Neuronal Na(+) Channels Are Integral Components of Pro-Arrhythmic Na(+)/Ca(2+) Signaling Nanodomain That Promotes Cardiac Arrhythmias During β-Adrenergic Stimulation

Although triggered arrhythmias including catecholaminergic polymorphic ventricular tachycardia (CPVT) are often caused by increased levels of circulating catecholamines, the mechanistic link between β-adrenergic receptor (AR) stimulation and the subcellular/molecular arrhythmogenic trigger(s) is unclear. Here, we systematically investigated the subcellular and molecular consequences of β-AR stimulation in the promotion of catecholamine-induced cardiac arrhythmias.
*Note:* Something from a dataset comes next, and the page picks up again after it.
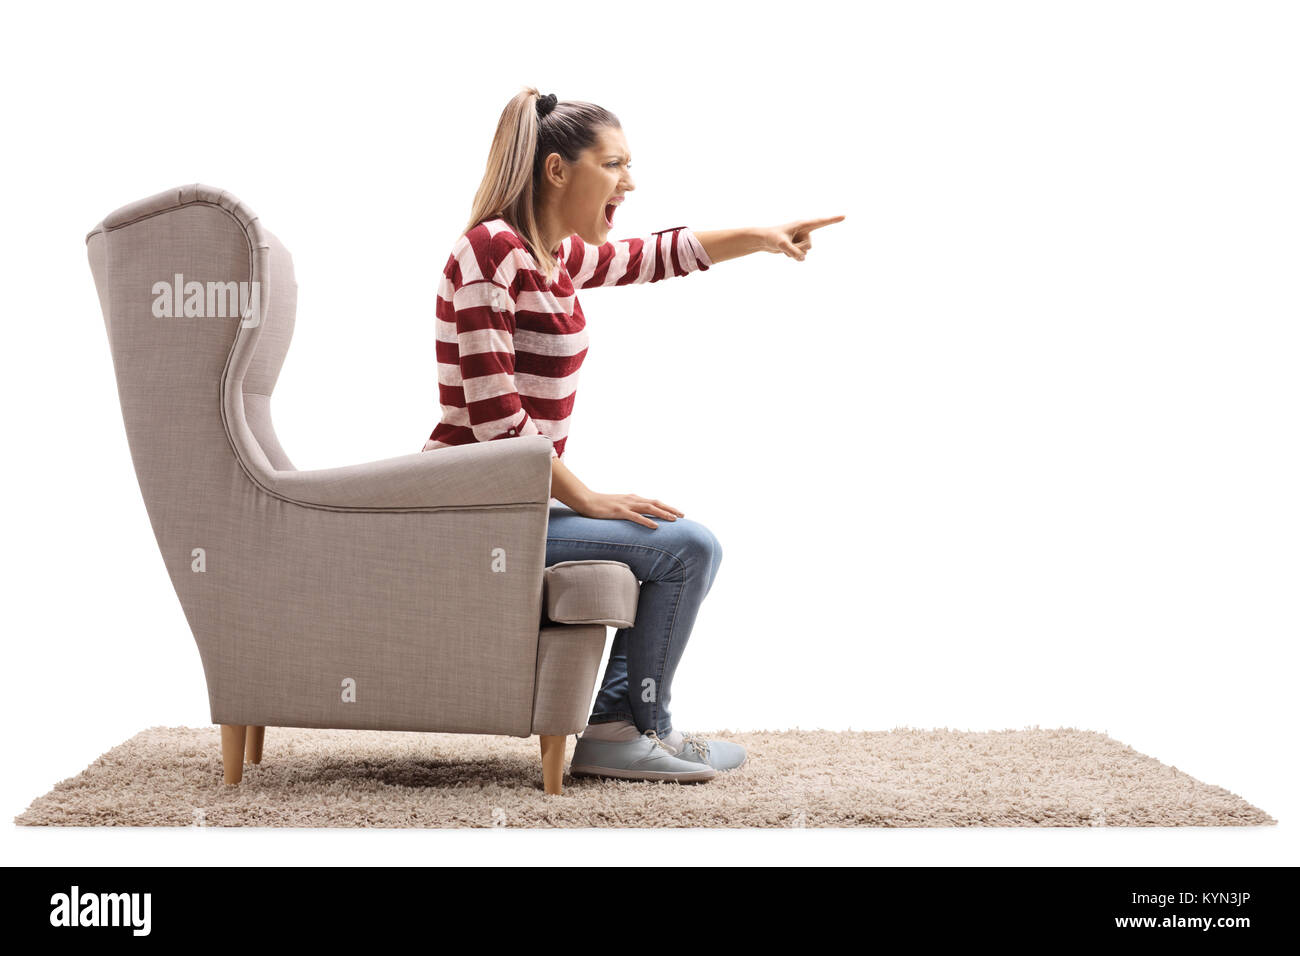 Angry young woman sitting in an armchair and arguing with someone isolated on white background Stock Photo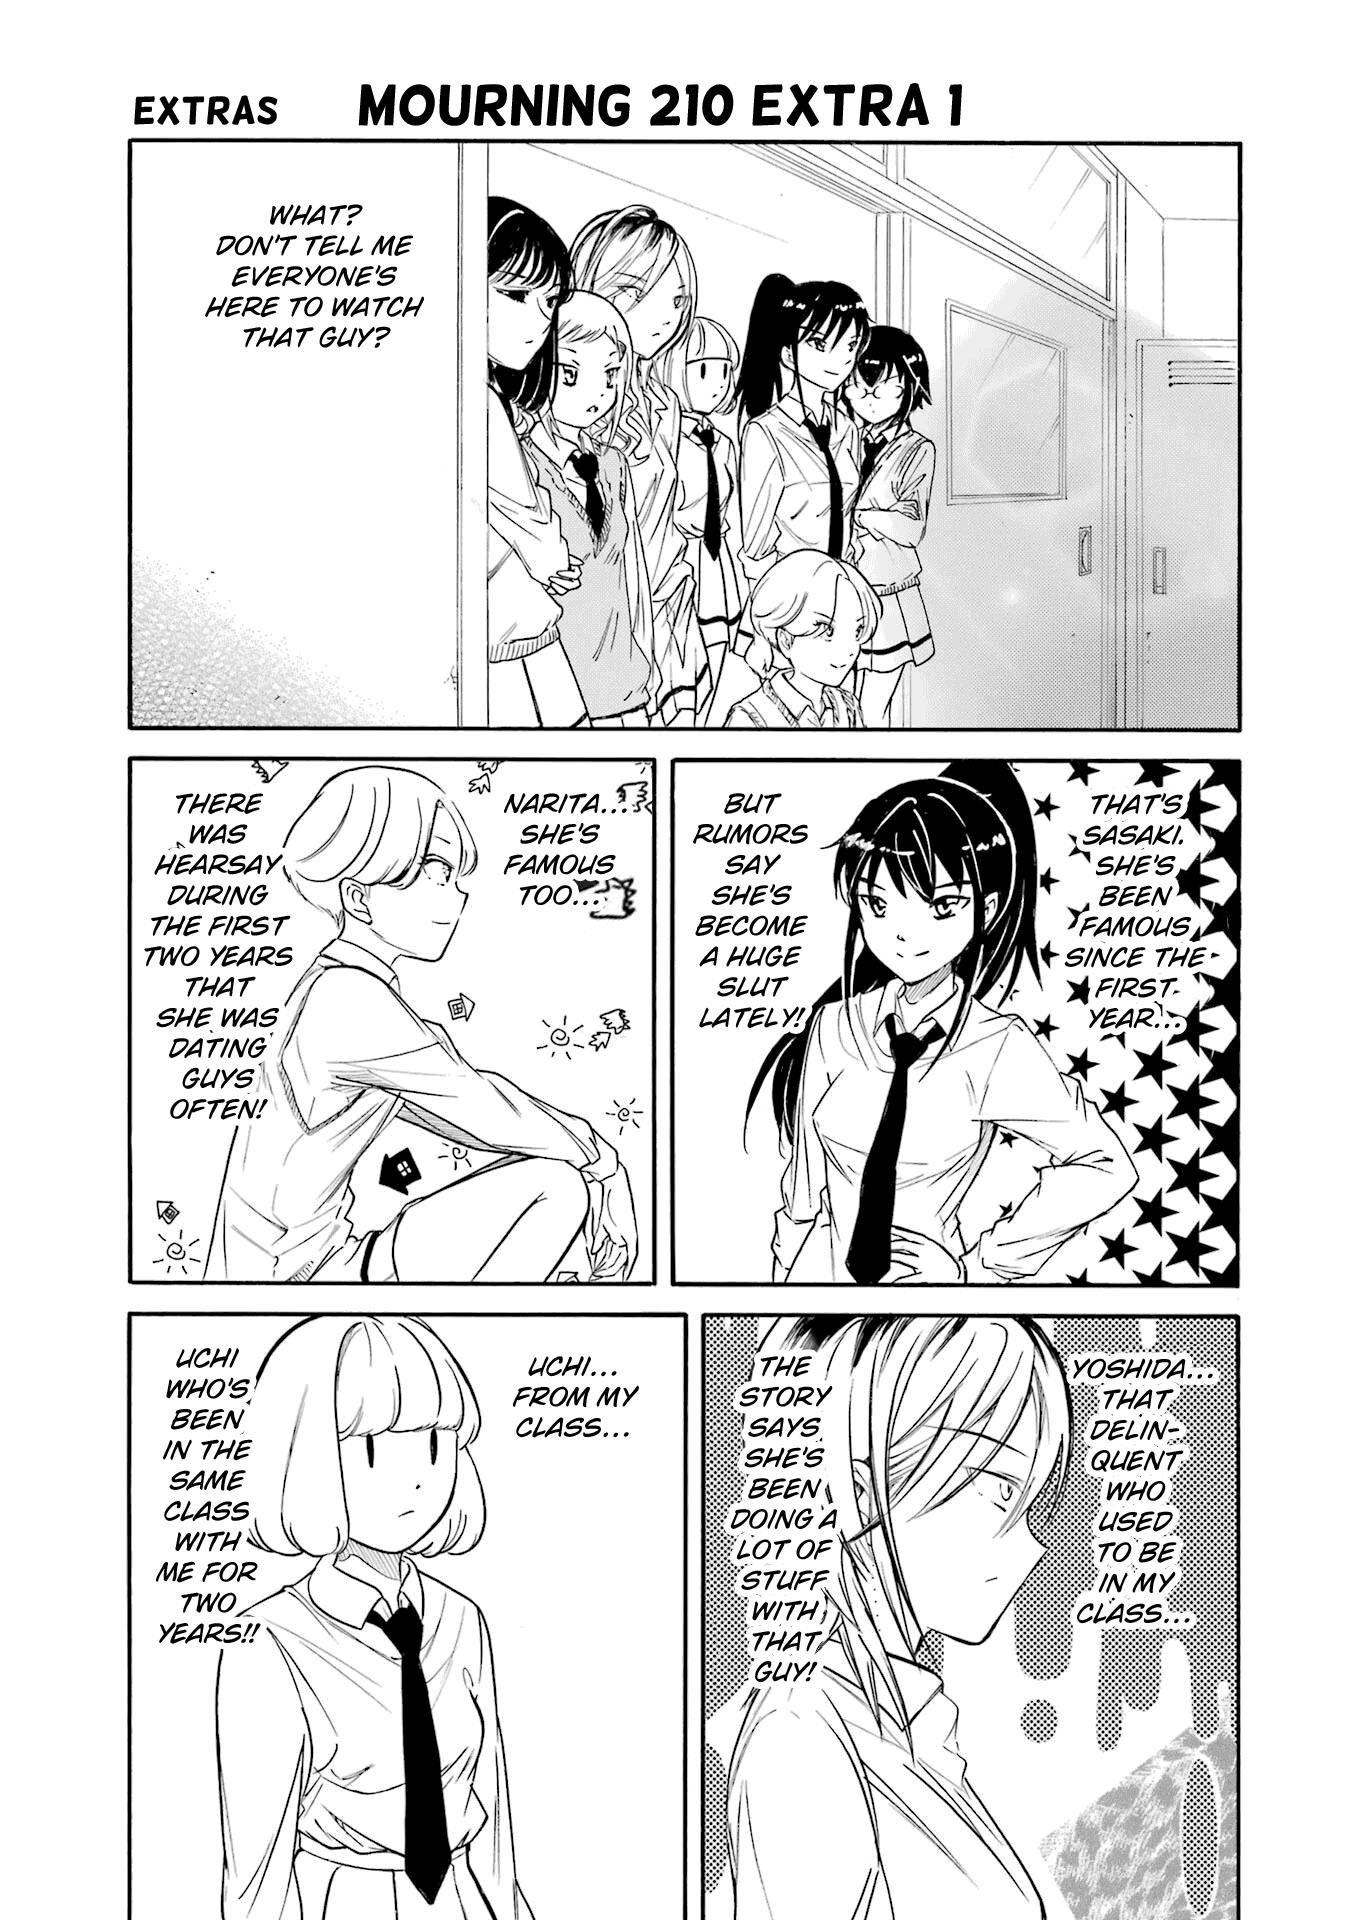 It's Not My Fault That I'm Not Popular! Vol.23 Chapter 212.5

Using mouse models of cardiac calsequestrin-associated CPVT, we demonstrate that a subpopulation of Na(+) channels, mainly the neuronal Na(+) channels (nNa(v)), colocalize with ryanodine receptor 2 (RyR2) and Na(+)/Ca(2+) exchanger (NCX) and are a part of the β-AR-mediated arrhythmogenic process. Specifically, augmented Na(+) entry via nNa(v) in the settings of genetic defects within the RyR2 complex and enhanced sarcoplasmic reticulum (SR) Ca(2+)-ATPase (SERCA)-mediated SR Ca(2+) refill is both an essential and a necessary factor for arrhythmogenesis. Furthermore, we show that augmentation of Na(+) entry involves β-AR–mediated activation of CAMKII, subsequently leading to nNa(v) augmentation. Importantly, selective pharmacological inhibition as well as silencing of Na(v)1.6 inhibit myocyte arrhythmic potential and prevent arrhythmias in vivo. Taken together, these data suggest that the arrhythmogenic alteration in Na(+)/Ca(2+) handling evidenced ruing β-AR stimulation results, at least in part, from enhanced Na(+) influx through nNa(v). Therefore, selective inhibition of these channels and of Na(v)1.6 in particular can serve as a potential antiarrhythmic therapy.